The first map shown displays the results of the IDW. Here we can see gradual changes from high to low going towards the West. The second map shows us the results of the Kriging method and how the changes are more gradual since it has slight change. When comparing the overall changes, there is more change in the Kriging method than in the IDW method probably because there is more change in the Season to Date map compared to the Normal Precipitation map, thus establishing a greater change when taking the difference between the two. Overall we can see how there tends to be more rain in the eastern part of the county than in the western portion, and there are about equal amounts of rain
going North and South from there. We can also see that there has been less rain this year than average possibly signifying a drought because there are a lot of areas in green. This may, however, change once we reach the wet months closer to the winter. 


Spatial Analysis

This tutorial went through methods of how to work through a research question. In this case, the objective was to find potential wastewater plant sites. We had to evaluate several characteristics such as elevation and distance to nearby areas to avoid flood problems, etc.

Geocoding



This lab consisted of using our new geocoding skills in a research question. I decided to
research the 25 closest libraries to my elementary, Third Street Elementary School, and
then compare the amount of libraries to the population of children 5-17 in that area. I
first made a spreadsheet of the 25 closest Los Angeles public libraries closest to 201 S.
June St. 90004. I then went through the process of geocoding and overlaying the points
in my map on the streets layer. I noticed that there were a lot more libraries towards the
East but not as many in the West. I then decided to obtain some census information to
see the demographics of the area. I mapped amount of children ages 5-17 per polygon
and discovered that there are more children living in the East than there are living in the
West.

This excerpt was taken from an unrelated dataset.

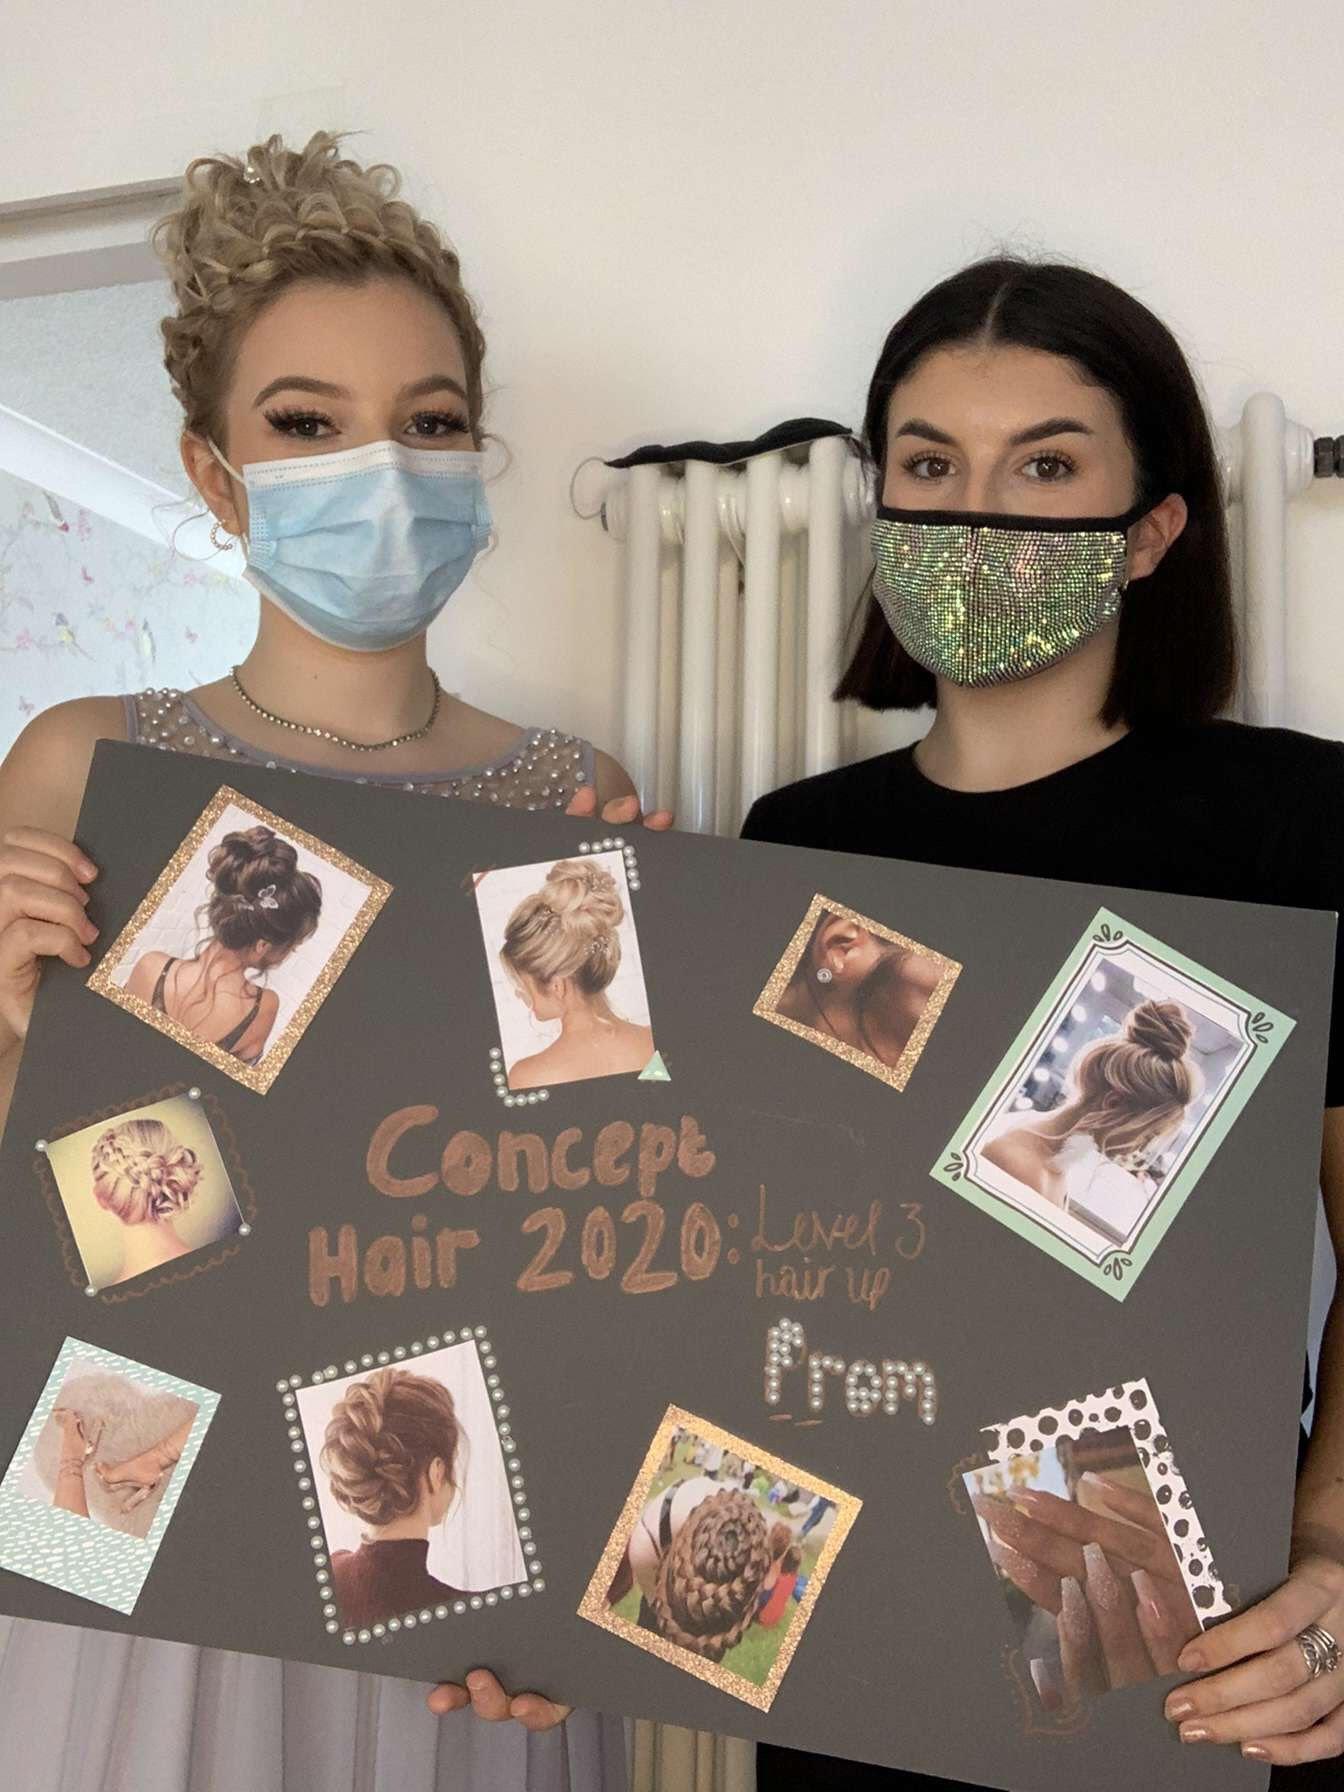 Lauren Hobbs wins Concept Hair Magazine with Model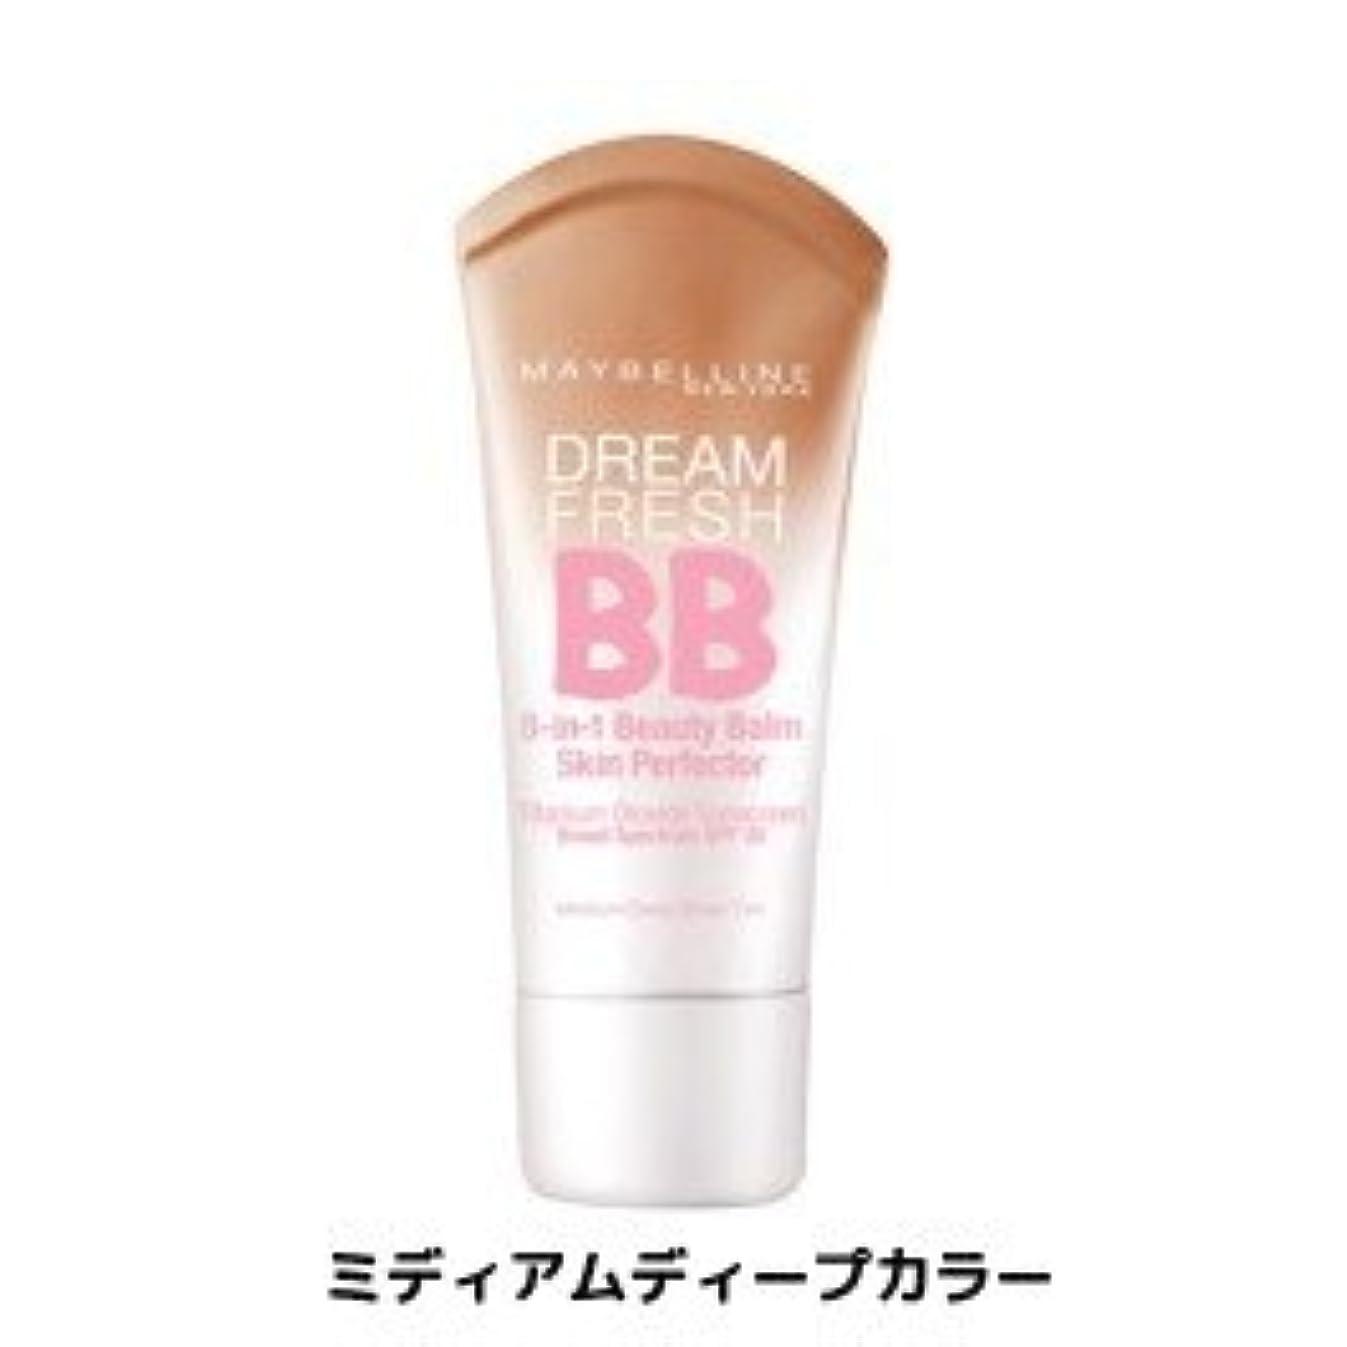 怠惰グリット用心深いメイベリン BBクリーム  SPF 30*Maybelline Dream Fresh BB Cream 30ml【平行輸入品】 (ミディアムディープカラー)

Although there are more libraries in the East because there are more children in
the East, the majority of the libraries are in the Northern region, but more children are in
the Southern region. This may have to do partly with the income of the area. Areas
more South tend to be of lower income than those in the North. Geocoding allowed me
to display where each library is located along with labeling each library.

Wednesday, October 17, 2012

Cartography: Natural Disasters


This is a final map of some natural disasters in the US. After obtaining my shapefiles I was able to manipulate the data through the joins and relates feature in Arcmap to better display and understand the statistics. Here we can see that almost every region of the US suffers from some sort of natural disaster whether it is earthquakes and volcanoes or hurricanes and tornadoes.